As part of additional dust-control measures, Manning said an additional water truck, which douses the ground to keep dust from flying off, has been added to the water trucks already on site. Also, construction operations now will stop when the wind is at or exceeds 15 mph.
In the post on Nextdoor, Manning said, “My most sincere apologies to anyone impacted by the super high winds and the ensuing dirt/dust. I feel terrible. We are already exceeding the requirements of dust mitigation but taking additional measures as well going fwd (sic).”
But Manning told St. George News he knows he can’t please everyone.
Some residents have complained about the three-foot-high black fabric fence that rings the construction site that includes promotions for the future resort.
“I don’t think anyone would have said anything about the fence if it were the length of a normal building site,” Manning said. “Obviously, it’s not a one-size-fits-all for the residents as they each have their own thoughts and opinions.”

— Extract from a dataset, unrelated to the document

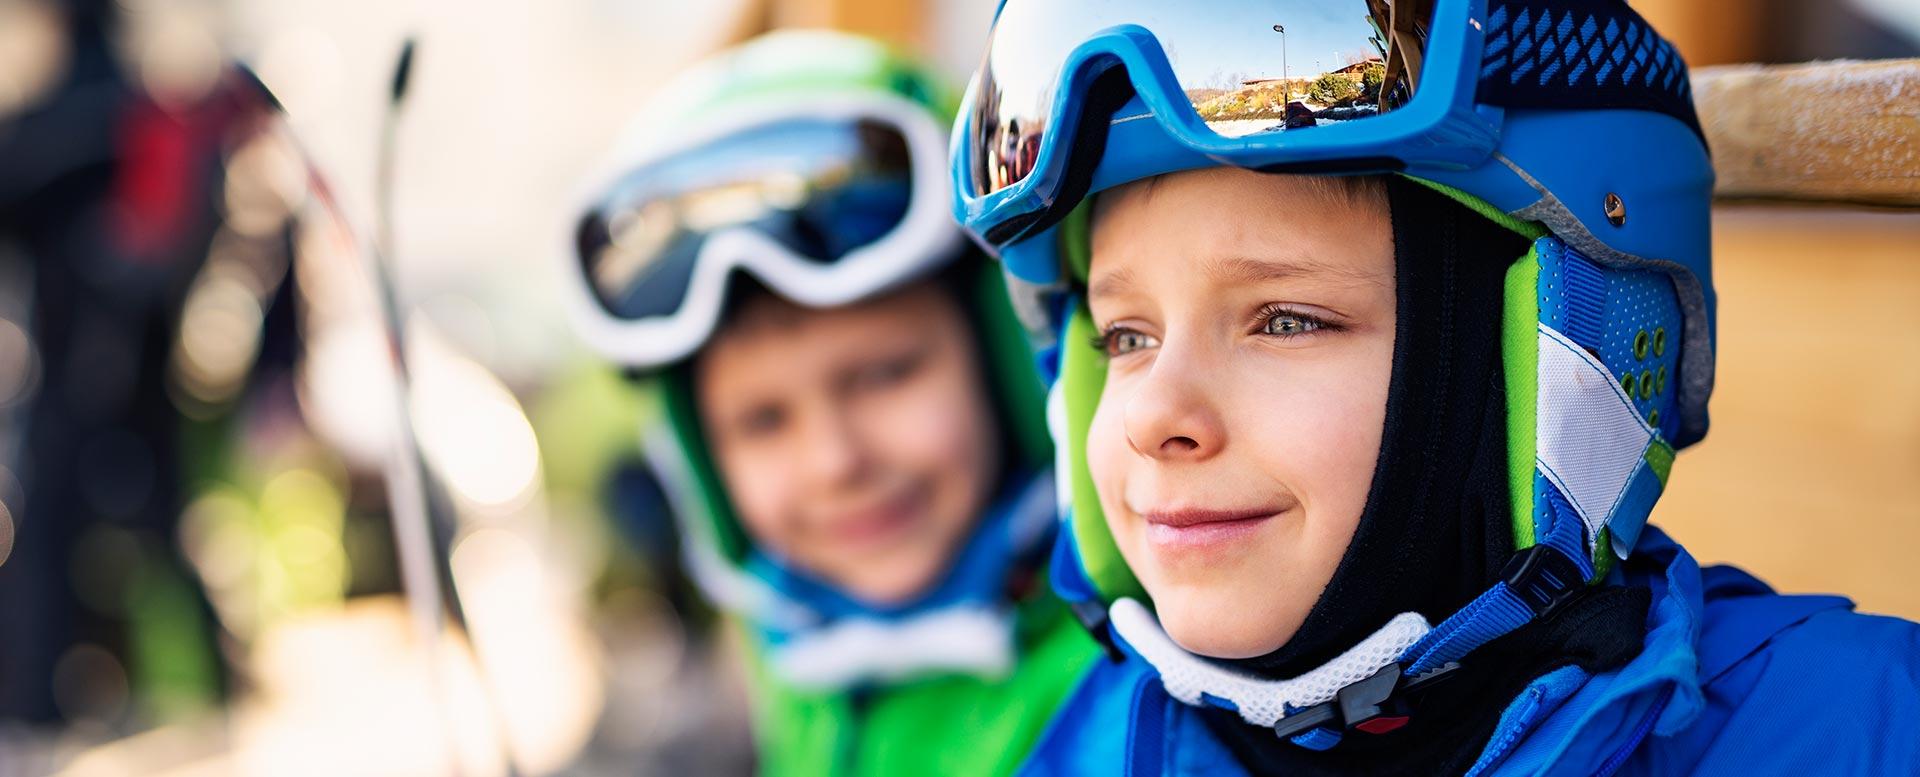 Das Skigebiet Tignes/Val d'Isère gilt als besonders familienfreundlich.

Manning has already has attended public meetings with Ivins City Council, which refused his request for the city to provide $5 million to the project through tax breaks but ultimately won approval for a smaller-scale plan that provided funding through bonds. After some debate, the resort also won an exemption to the city’s height limit.
The Black Desert Resort, which has dropped the “at Entrada” from its name, ultimately will include a family residential complex that will come complete with a lazy river for play on the site, with water for that and the golf course supplied by the resort’s own purchased water supply, rather than the city’s water. The culinary village, similar to what is seen at The Grove in Los Angeles and Town Square in Las Vegas, also will include a culinary school.